1. **Loading data** — screenshot the cell output that lists files and `survey.show()`.
2. **Stack using `stack()`** — screenshot the long format `long_df.show()` output.
3. **Joined dataset** — screenshot `joined.show()` or `coded.show()` showing NeedsReverse and Temp columns.
4. **Coded columns** — screenshot the `RecodedValue` column.
5. **Aggregated final result** — screenshot the `final.show()` output.
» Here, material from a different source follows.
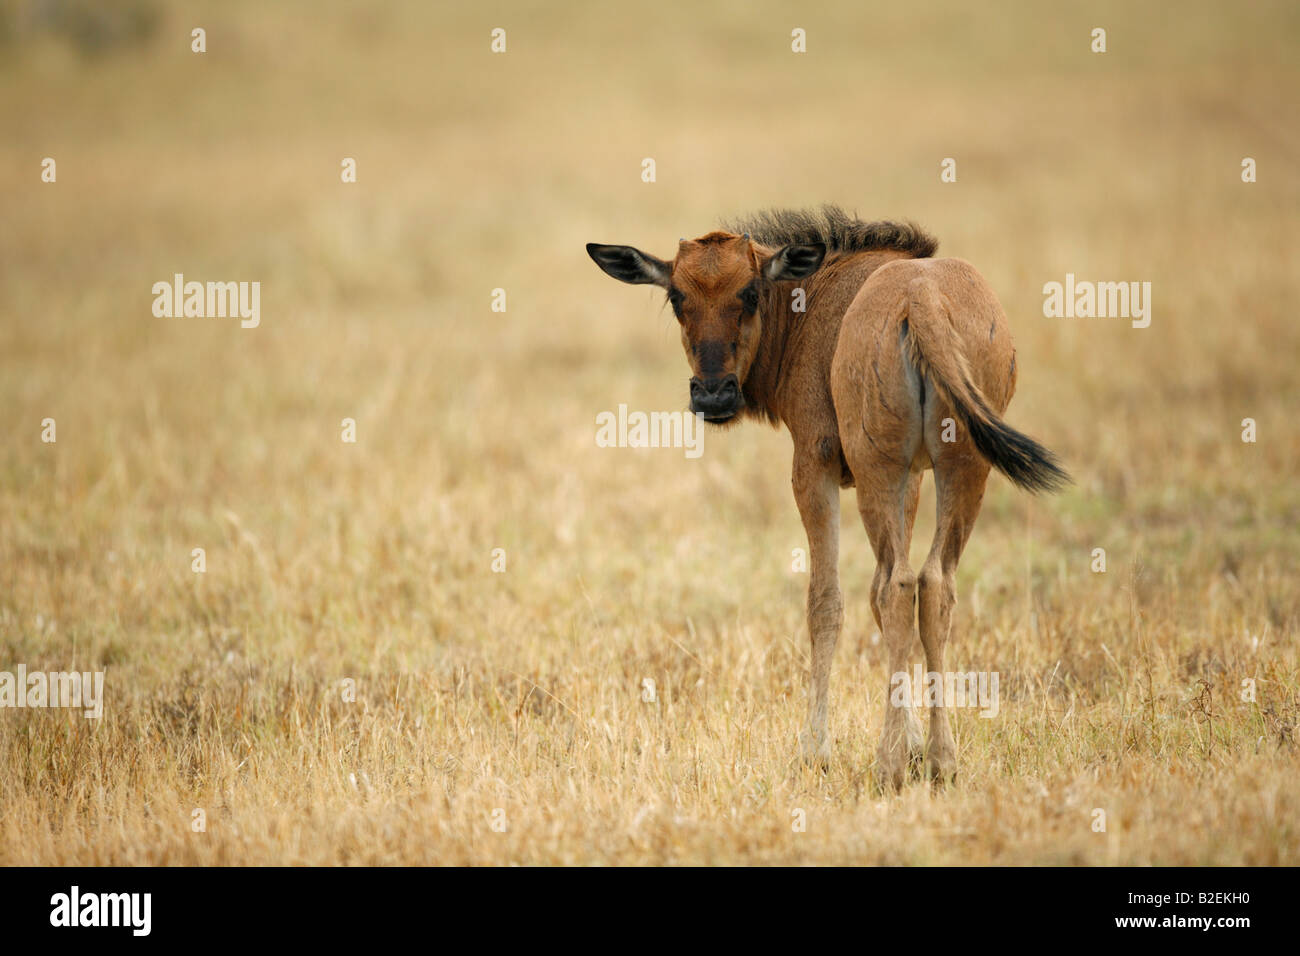 A young blue wildebeest calf looking back over its shoulder Stock Photo

Place each screenshot in your worksheet as required by the assignment.


### Notes
- This notebook is written for Colab. Uncomment the pip/apt install lines at the top to install pyspark before running.
- The small CSV `health_survey_summary.csv` was produced by pandas in this environment and saved to `/mnt/data/data/health_survey_summary.csv` for quick download and verification.